Cuando llegaron a la planta baja, se apartó para dejarlos salir primero, y Zinaida echó a andar taconeando con las botas altas sobre el suelo de mármol. Un guardia de seguridad apretó un botón para abrir la puerta.

—Será mejor que te preocupes por ti mismo —le dijo mientras se subía la cremallera de la chaqueta.

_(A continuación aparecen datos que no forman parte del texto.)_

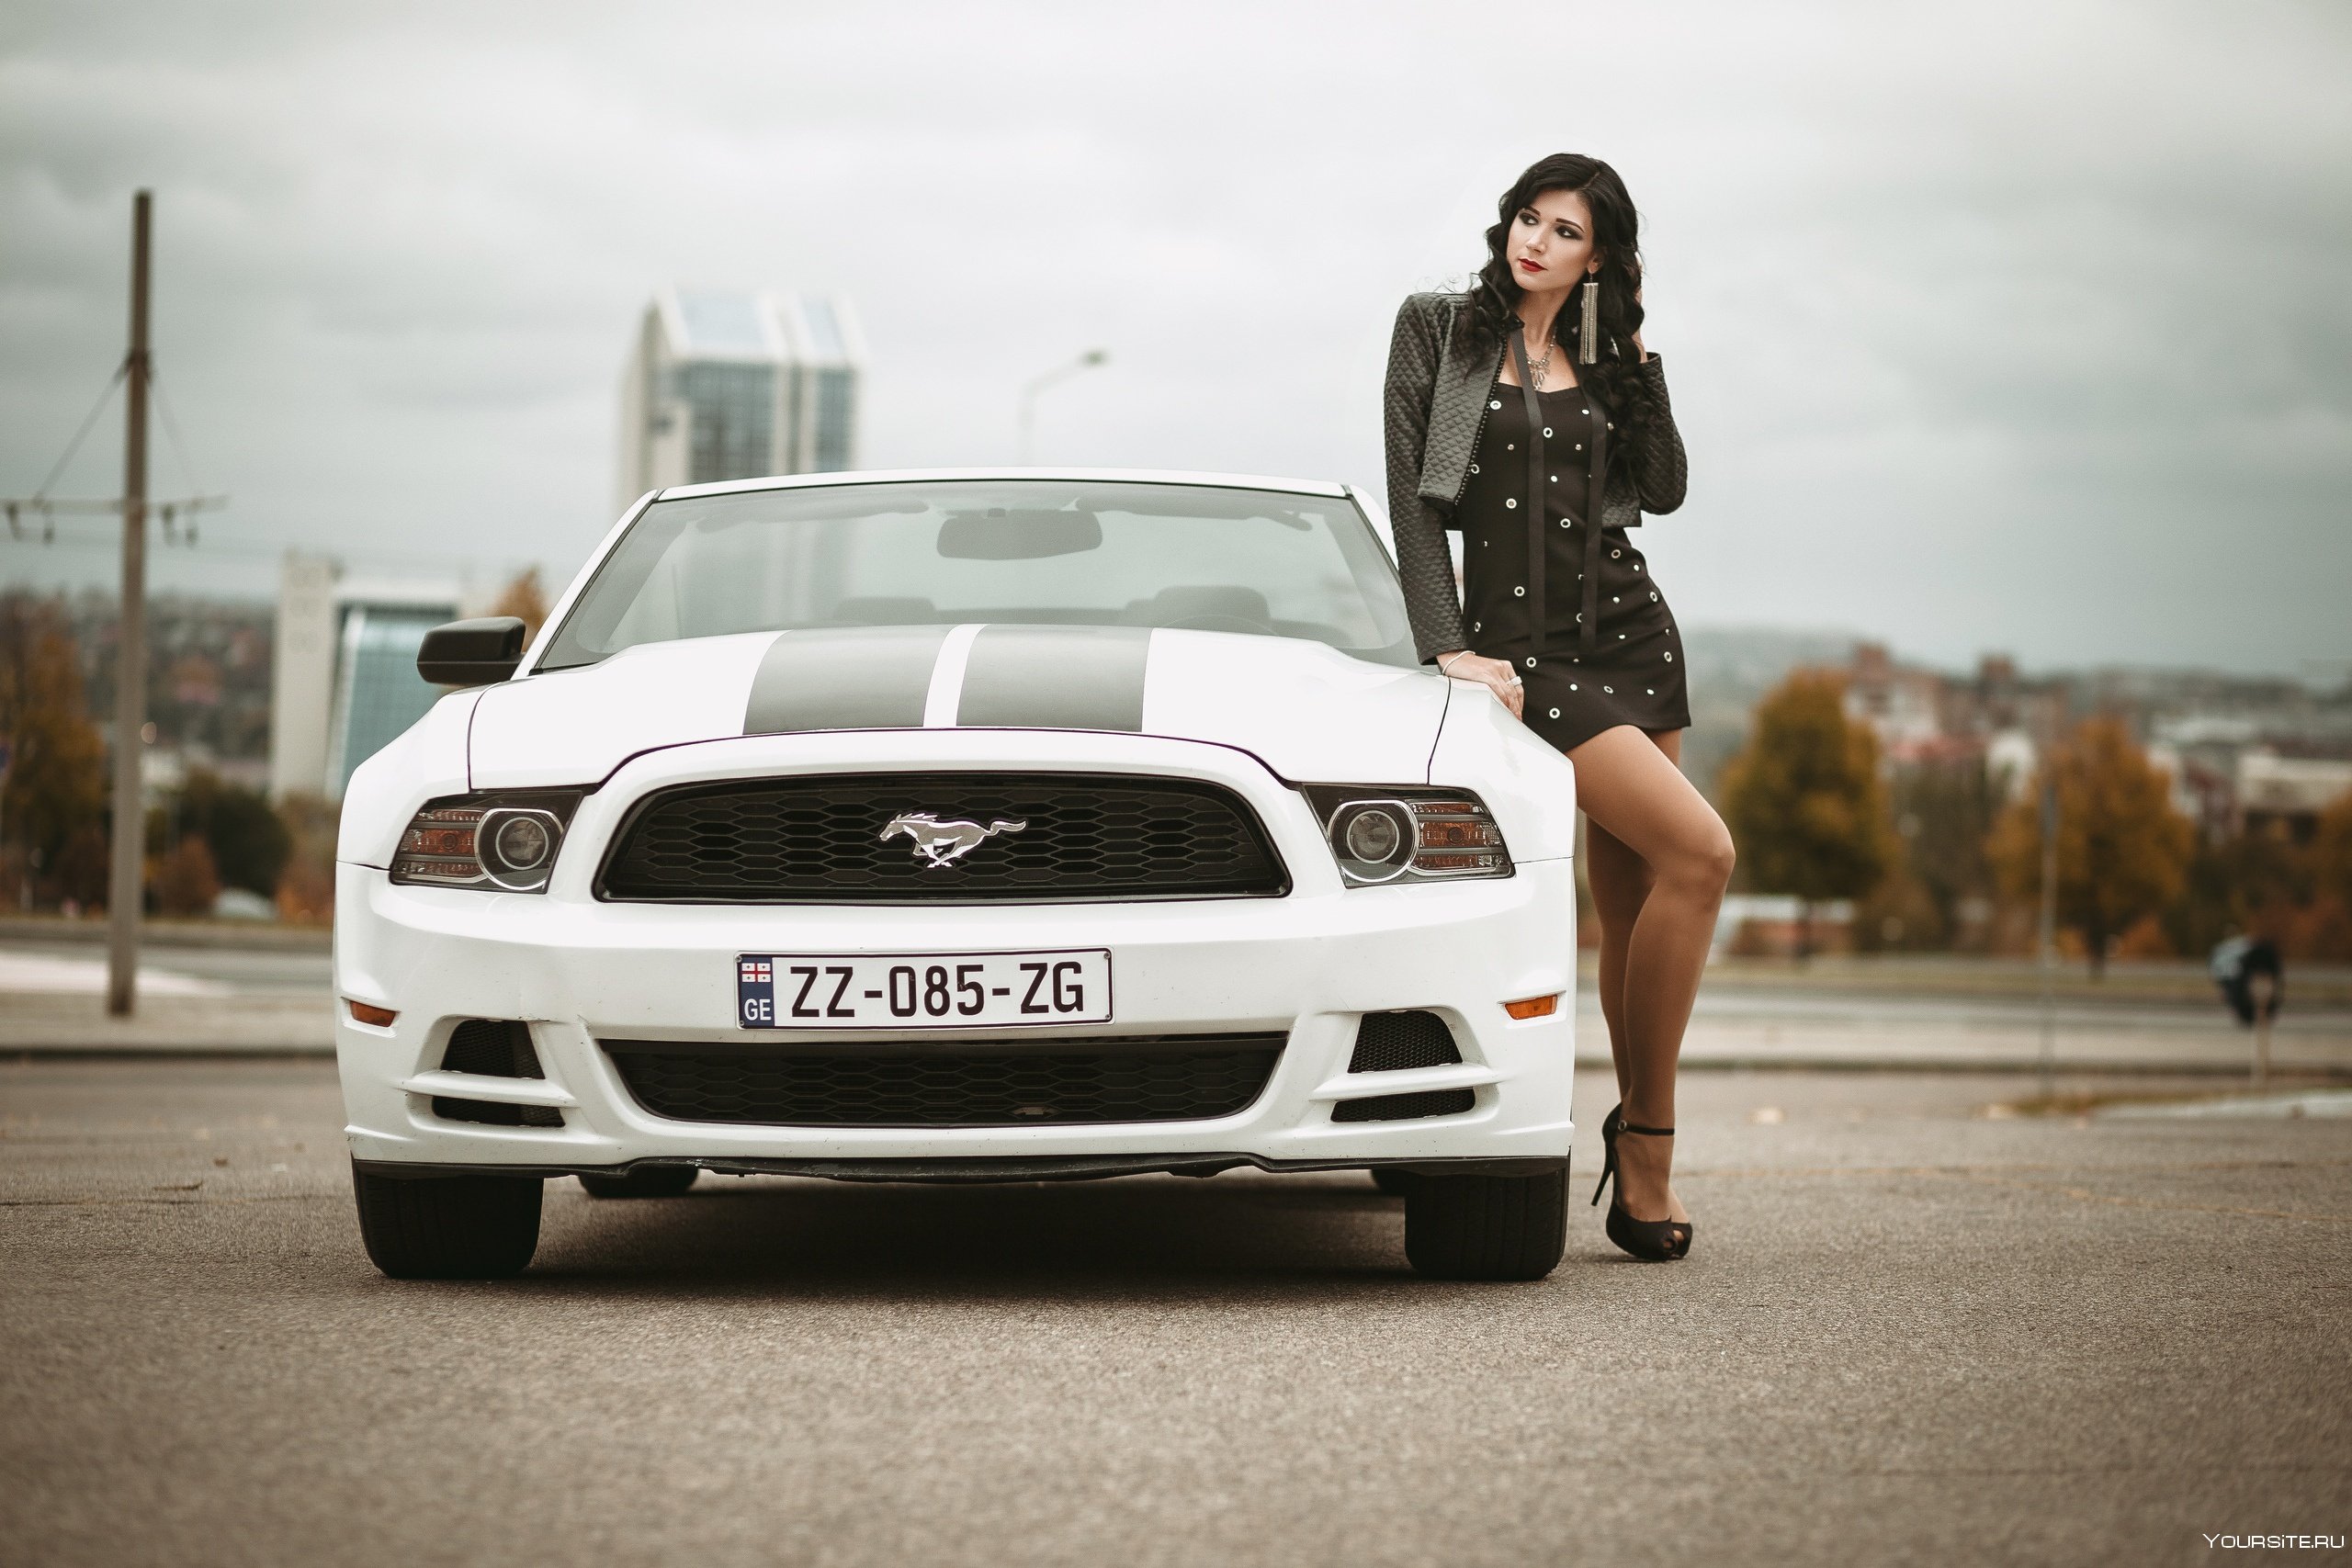 One of the girls streets white mustang. Девушка в машине. Девушки и авто. Красивые девушки и автомобили. Красивые машины для девушек.

Eran poco más de las cuatro. La gente empezaba a salir del trabajo. En las oficinas de enfrente se veía el brillo verdoso de las pantallas de los monitores. Una mujer se acurrucaba en un portal para hablar por un teléfono móvil. Un motociclista pasó por su lado, despacio.

—Zinaida, escucha. —La cogió del brazo para que no siguiera andando y la llevó hacia una pared. Ella ni levantó la vista—. Tu padre tuvo una muerte terrible, ¿comprendes lo que digo? La gente que lo mató, Mamantov y los suyos, andan tras ese cuaderno. Saben que contiene algo importante… no me preguntes cómo. Si saben que tu padre tenía una hija, y es muy probable porque Mamantov tenía acceso a su expediente, bueno… piensa en ello. Va a ir por ti.

—¿Y lo mataron por eso?

—Lo mataron porque no les dijo dónde estaba. Y no se lo dijo porque quería dejártelo a ti.

—Pero no valía la pena morir por eso. Qué viejo estúpido. —Lo miró fijamente. Por primera vez le vio los ojos húmedos a la luz del día —. Viejo estúpido y testarudo.

—¿Tienes alguien con quien quedarte? ¿Algún familiar?

—Toda mi familia ha muerto.

—¿Algún amigo?

—¿Amigo? Sí, una amiga, ¿recuerdas? —Abrió el bolso y le enseñó la pistola de su padre.

—Al menos déjame tu dirección, tu número de teléfono… —dijo Kelso lo más tranquilamente que pudo.